→ **Task to carry out**:
Without the images, print every line of the material below exactly as given.

→ **Data excerpt**:
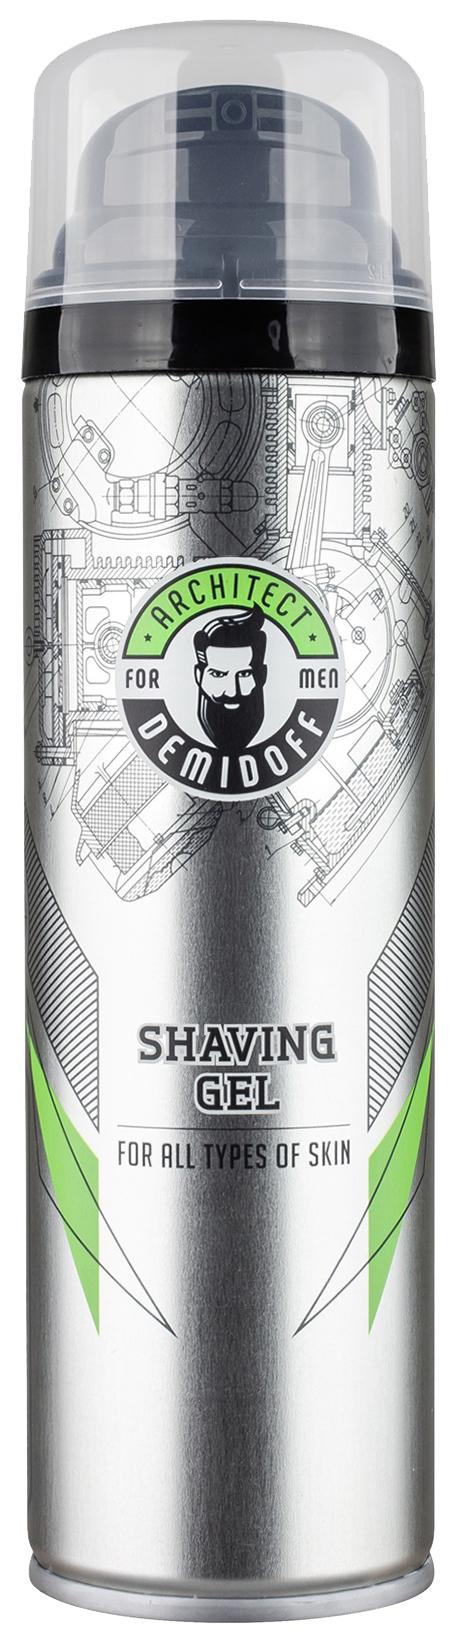 Гель для бритья Architect Demidoff Shaving Gel
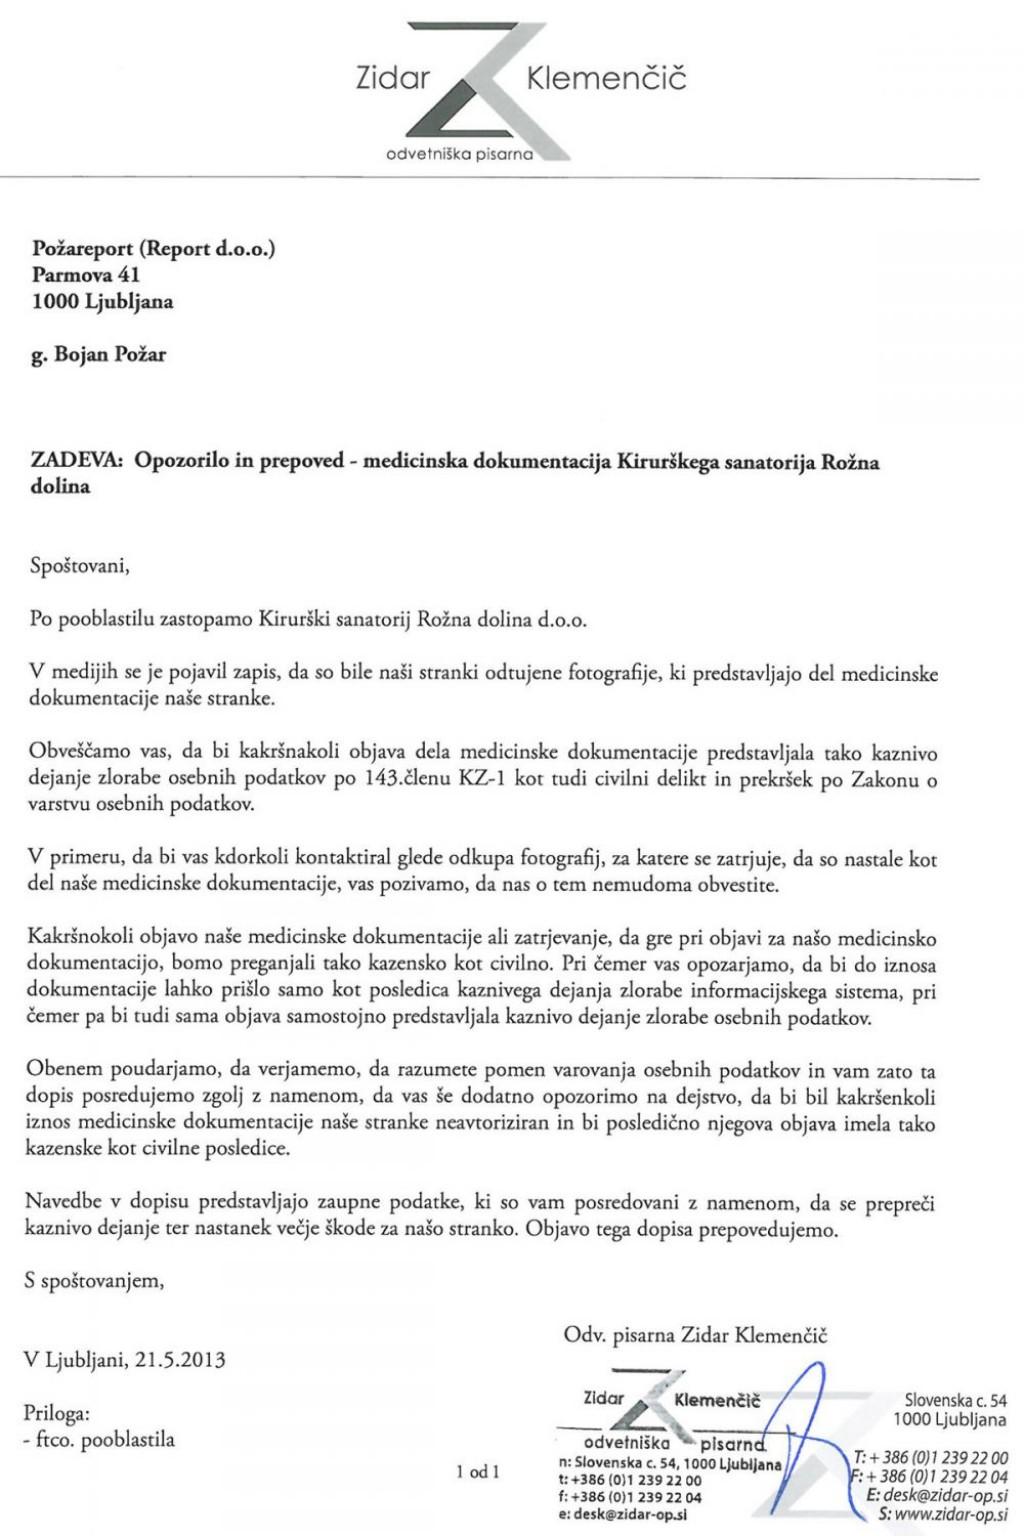 Dopis odvetnice Nine Zidar Klemenčič, ki so ga včeraj dobili nekateri mediji. Malo pred tem dopisom smo prejeli tudi šest fotografij Tanje Ribič med operacijo v Kirurškem sanatoriju.<br>
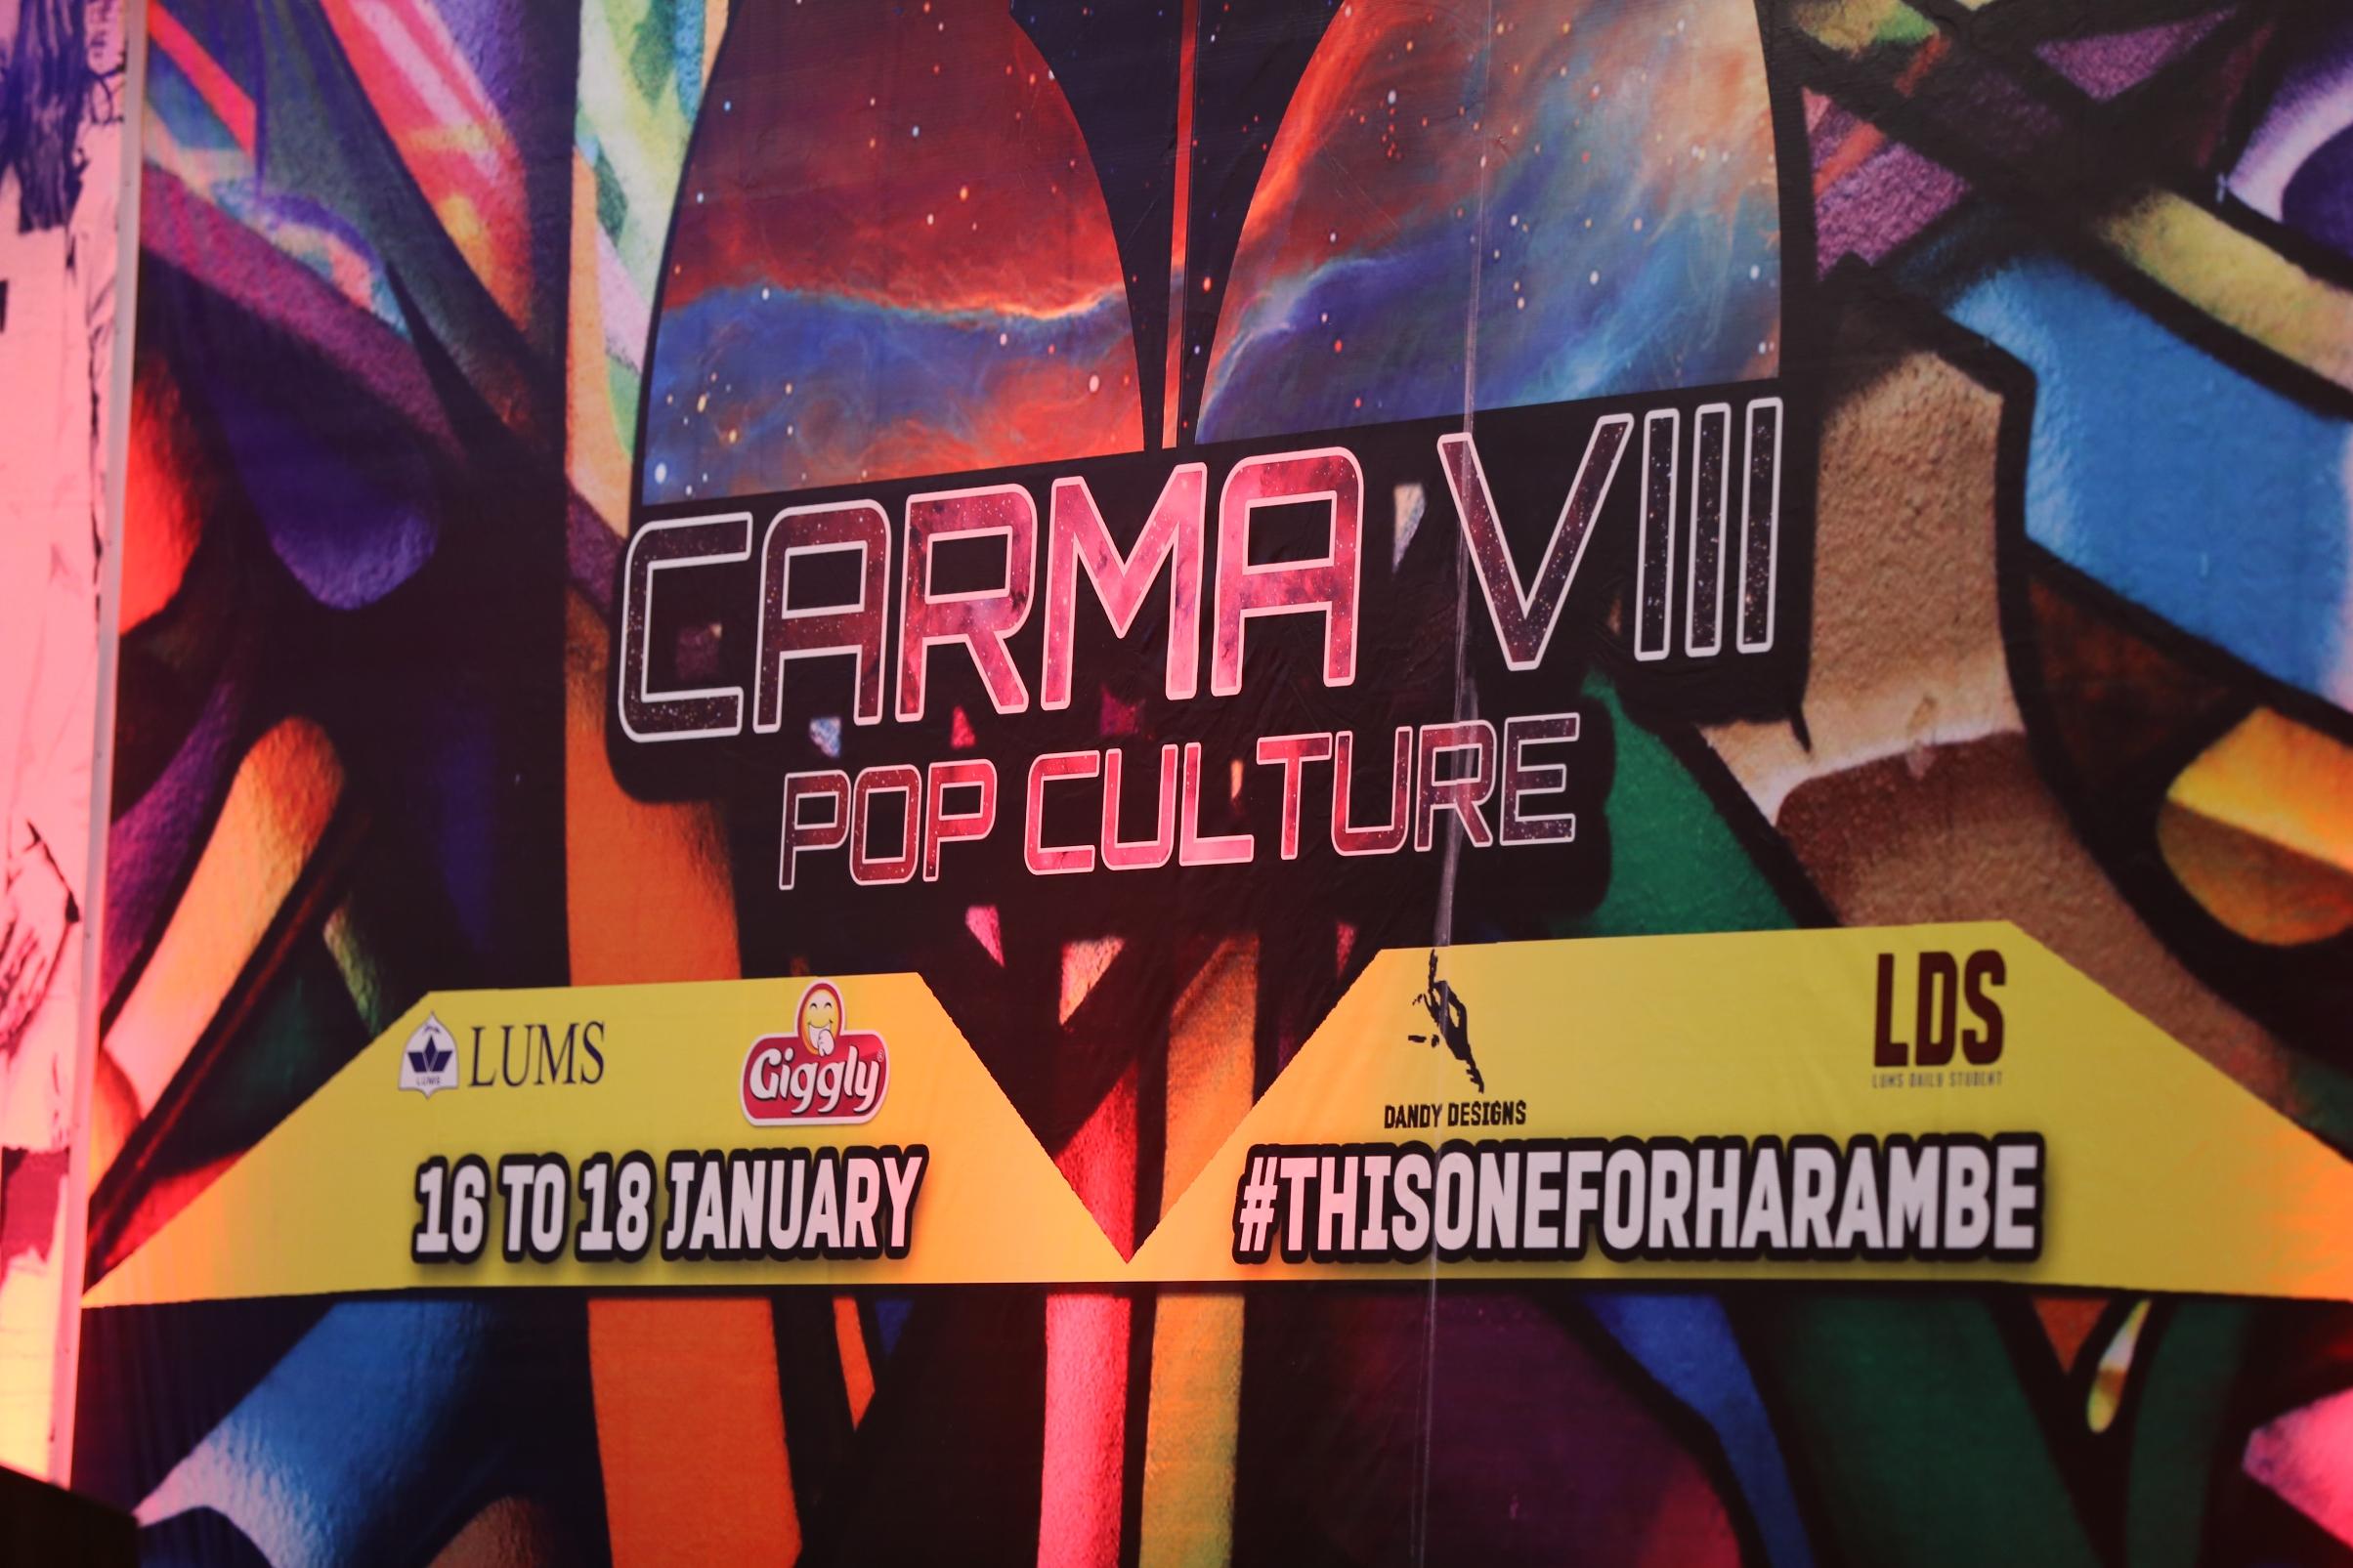 carma-viii-pop-culture

→ **Result of this exercise**:
 Гель для бритья Architect Demidoff Shaving Gel
 Dopis odvetnice Nine Zidar Klemenčič, ki so ga včeraj dobili nekateri mediji. Malo pred tem dopisom smo prejeli tudi šest fotografij Tanje Ribič med operacijo v Kirurškem sanatoriju.<br>
 carma-viii-pop-culture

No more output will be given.